His breathing is loud and heavy, in unison with the swinging pendulum in the next room. The darkness calls attention to sounds you cannot see. He moves through his sleep like a steamship through a dark ocean. His huge chest presses against my shoulder - I am pinned under the beat of his heart. His left leg is wrapped around mine. I can feel the silky hairs from his body against me, making me warmer than I want to be. He is always warm. Hot. He is well protected. A man that doesn't need a coat in the winter. I do not wish to disturb him, so I wait.

He is turning now, like a ship changing its course. His body stretches across - his arm goes up and out, taking the blanket he doesn't want. He also tries to take me, but somehow, quietly, I slip away. It's easy to slip away from a sleeping man. I turn on the light to smoke and to contemplate this beastly thing that keeps me awake.

He lies on his back now, occasionally snorting, as if to remind me of how strong he is. His arms stretched across, palms up; his hands show that he builds things. First he builds them on paper, and then with his hands. I lean forward to feel the hard callous on his thumb. I rub it gently and his fingers flinch at my touch. These calloused hands have touched me everywhere, have taken me aboard, have kept me afloat. My hands, he says, "are like a little girl's." Time stands still for this man.

Years ago I left him. I left him to think. "For something more," I said. He understood; he waited, although he didn't wait long. I cannot picture, as I look down now at his pulsating chest, nor can I imagine, vitality in waiting. It seems to me that God made him huge to meet the demands in his life. To be the navigator.

I am a woman born in the wrong time. I am jealous of his leadership. I become irritated when the dog listens to him and not to me. It is difficult for me to accept my female ways. There are times when I am weaker, more female. When he rolls around in the grass with the St. Bernard or carries the children about on his shoulders, I again am jealous. Not only do I want to be the dog or his child, to be whatever he touches, but even more strange, I want to be him.
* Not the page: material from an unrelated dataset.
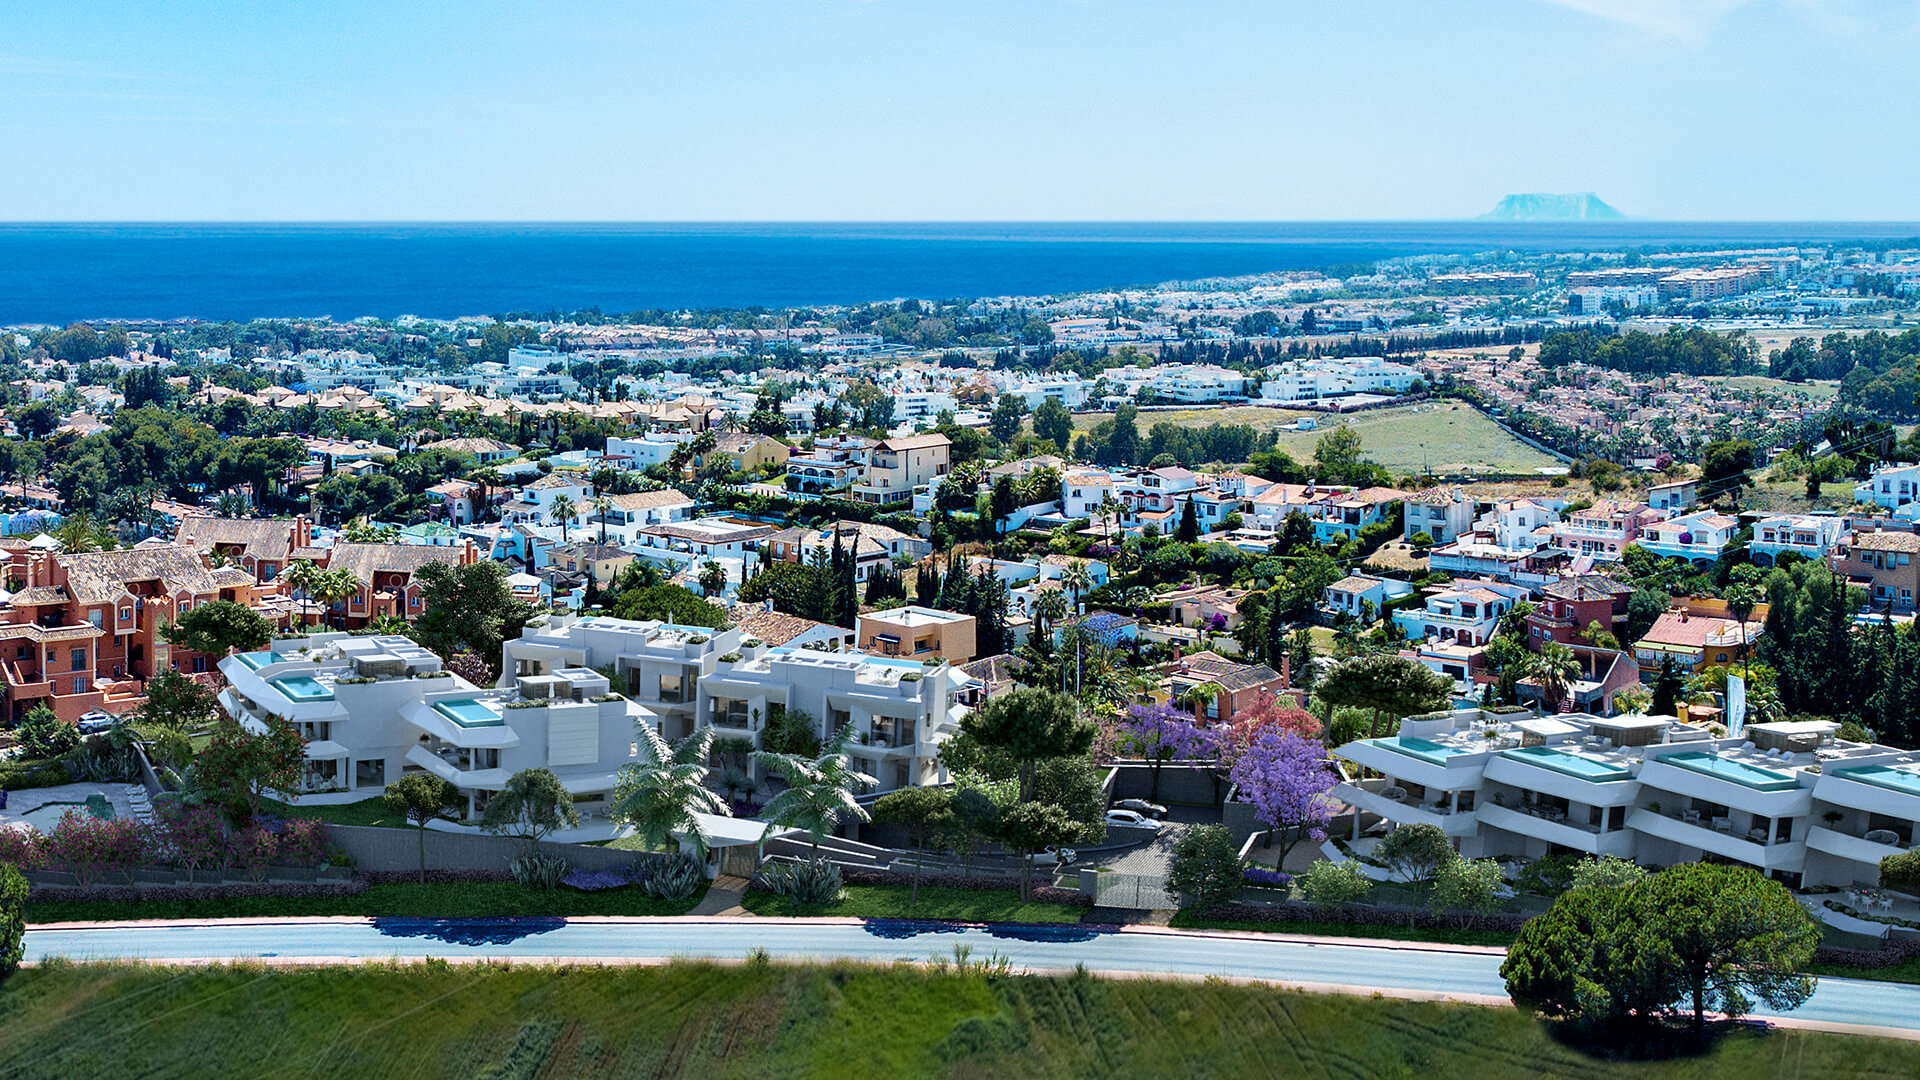 Celeste Marbella - Nueva Andalucia

I look now at my tamer, my leader, his jaw is relaxed, leaving his mouth open. Once, he left me. He traveled across the Atlantic into the Mediterranean, to an island so small I couldn't find it on the map. He was too late. His father, already dead, was being carried from the church on a canvas stretcher. Two weeks later he returned home. His skin was brown. His eyes were vacant, sad. All of his energy seemed to have been drained. The dog ran away twice that week. The children became irritable. Night after night he came home, too tired to talk. He grew calluses to cut off the vessels to his mind. I envy his power to live alone with pain. Damn it, why must I be a woman possessed by this need to share? My frustration looms: I confuse his silence with rejection, my capacity is like that of a sponge - I absorb his sorrow, and the silence causes me to think we are shipwrecked.
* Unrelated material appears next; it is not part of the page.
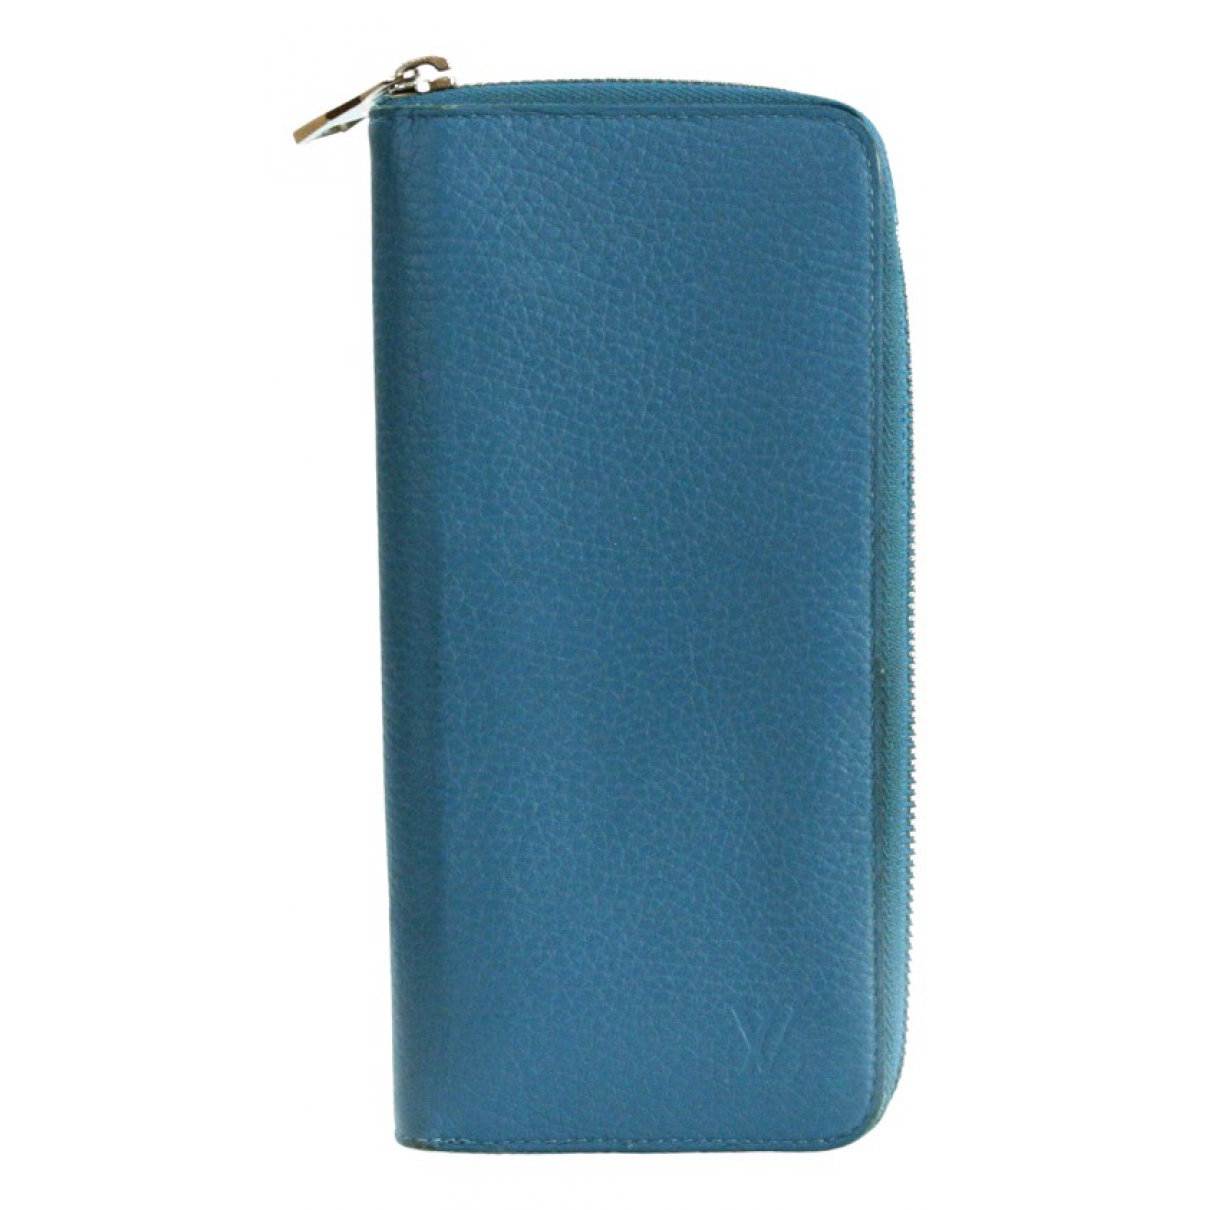 Louis Vuitton \N Kleinlederwaren in  Blau Leder

Several nights later, his tan almost gone, he waited for me in bed. His feelings poured from him like a wave being released from a dam. He had carried his father on a stretcher from the church to the cemetery. It was hot, dry and white. The heat escaping from the red earth was vaporizing before his eyes. They had dressed his father in a faded black suit. His father's hands were tied down with rope to the wooden frame of the stretcher. A white handkerchief was tied under his chin and knotted at the skull. "They buried him that way," he said. "It seemed so barbaric. No embalming, no coffin, nothing." They had removed the ropes from his father's hands and the cloth from around his head before he was lowered into the ground. Since then, all he could think of was the way his father's mouth fell open, and the way his arms and legs were twitching and jerking.

When he dies, he said, he wants to be cremated; to just "go away." His head was in my arms, heavy against my chest. My breast was wet from his tears. We moved together that night, the tugboat pulling the steamship home.

I reach out to close his mouth. He grabs hold of my wrist and mumbles in his sleep, "Come to bed." I touch the silver hairs near his temple. His eyes are opening, squinting at me. He says, "Can't sleep?" I say, still thinking of his father, "I don't want to grow old and die."

"Which is it?" he asks, "the growing old or the dying that you don't want?" He has the ability to dismiss my seriousness, to somehow make nothing of my words. It is the cord between us that offsets my nature. He reaches out and shuts the light. He brings me into his chest, his arms are wrapped around me, anchoring me to his strength. He says, "Don't worry, I'll never let you die." And like a child who wakes from a bad dream to the sound of its mother's voice, saying that dreams do not come true, I believe him.